▶ [Prompt]:
No pictures belong in the copy. Retype exactly, and only, the stretch of lines below from the one with "Healthy couple wearing" through the one with "Штамп в паспорте Ирины Билык".

▶ [Exercise material]:
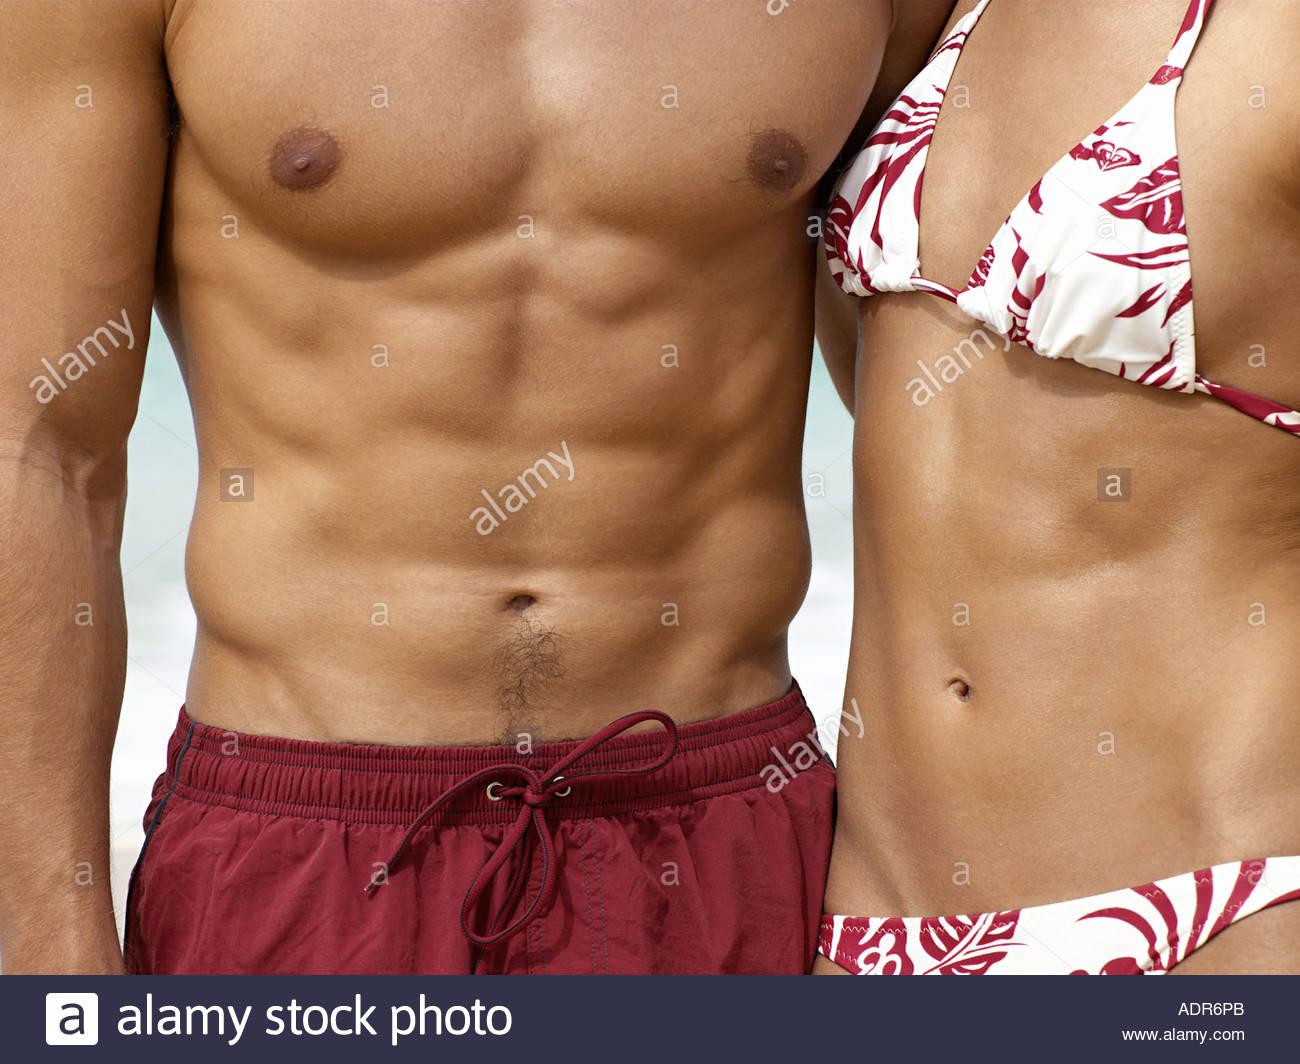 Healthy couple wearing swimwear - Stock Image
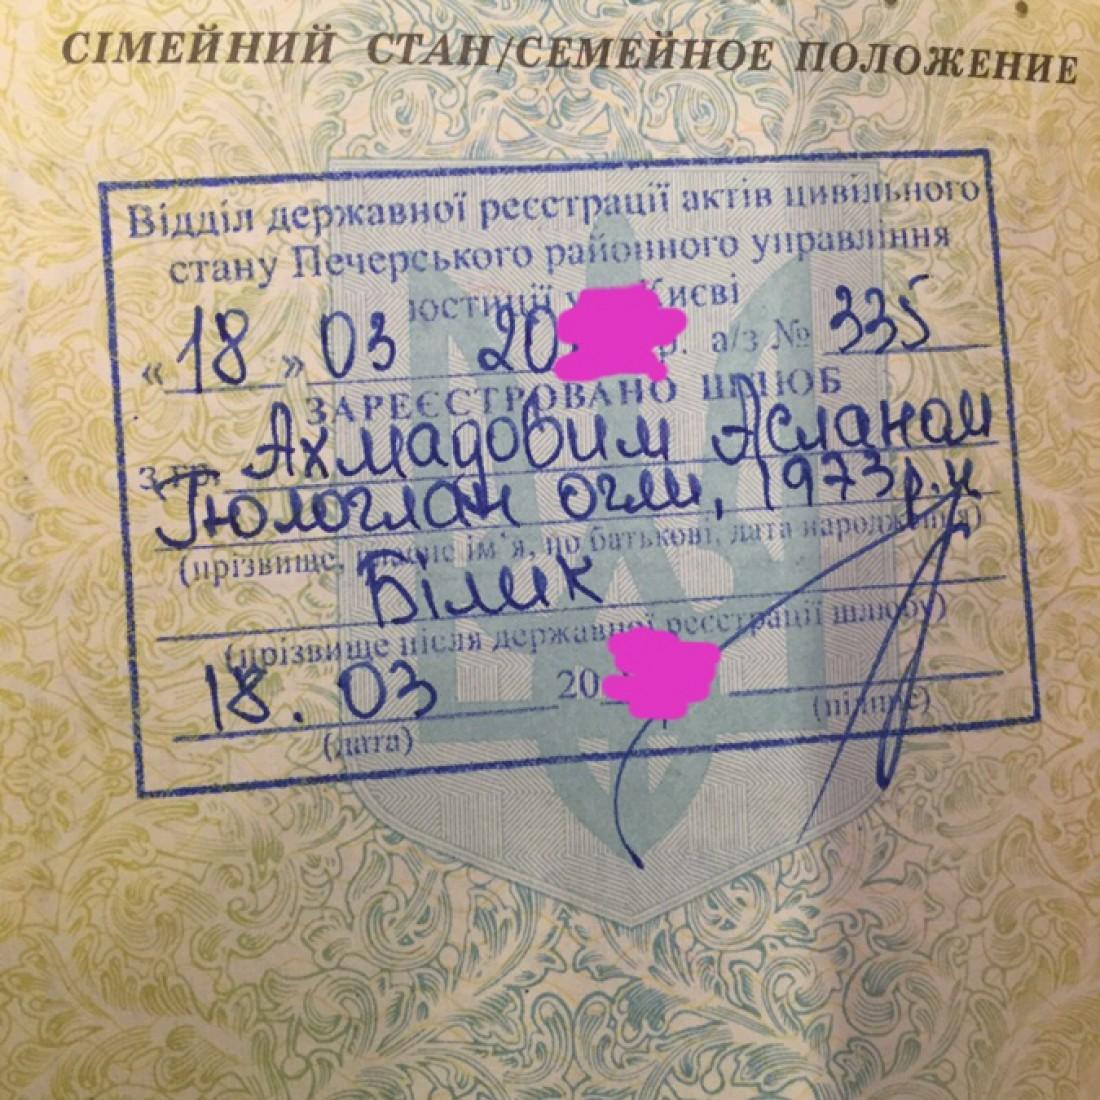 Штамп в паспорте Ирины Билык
---
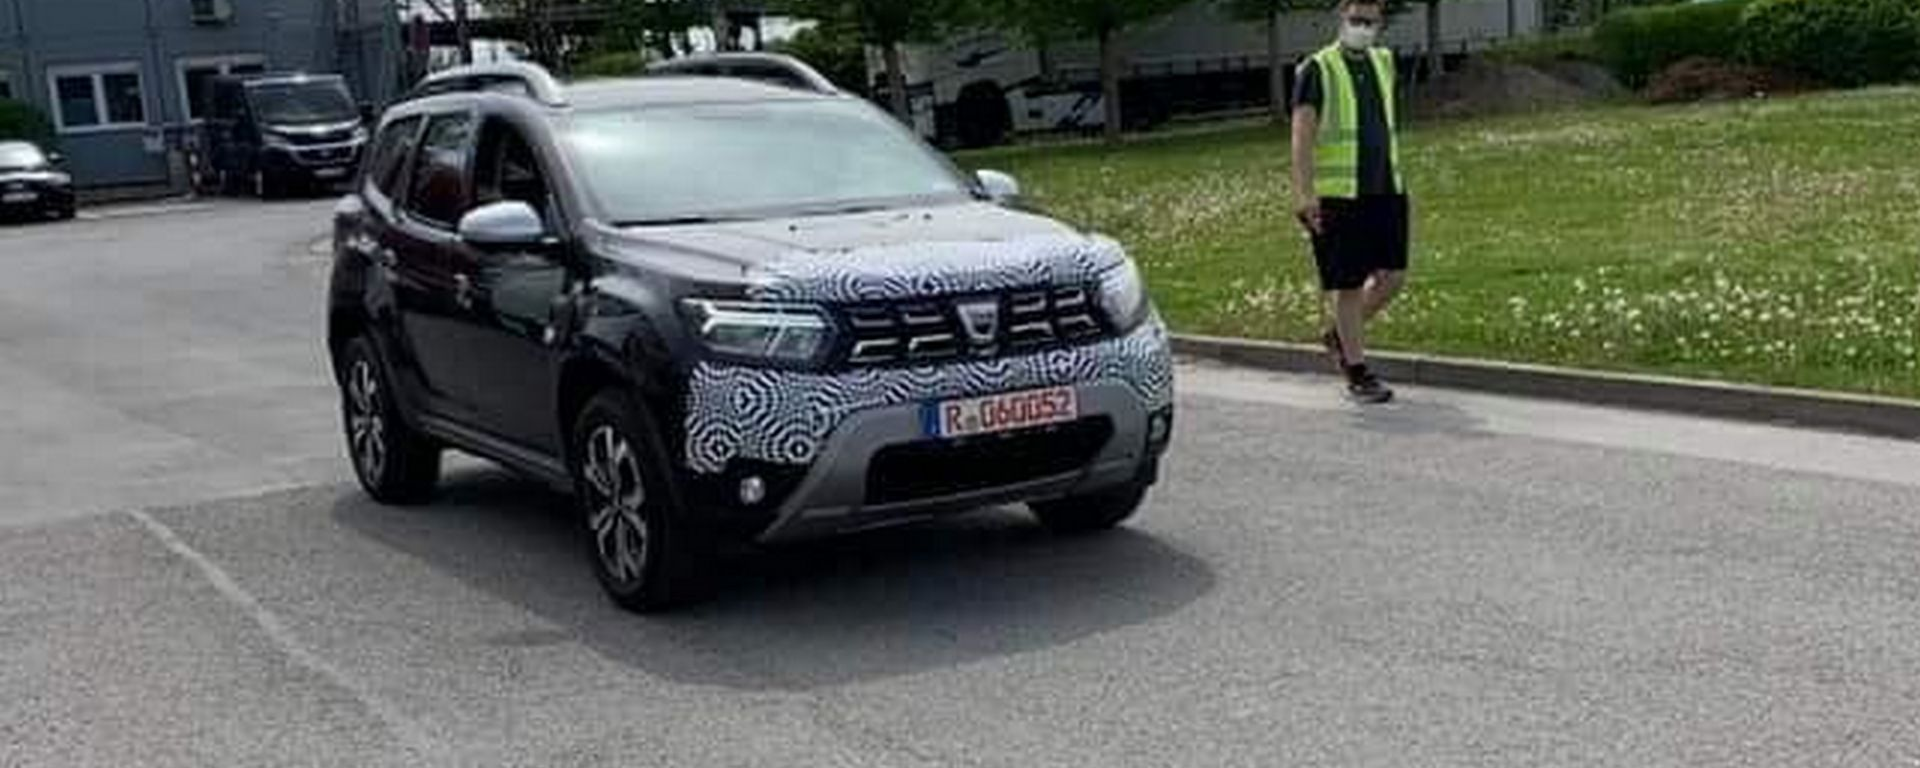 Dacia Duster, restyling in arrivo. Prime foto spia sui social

▶ [Solved exercise]:
 Healthy couple wearing swimwear - Stock Image
 Штамп в паспорте Ирины Билык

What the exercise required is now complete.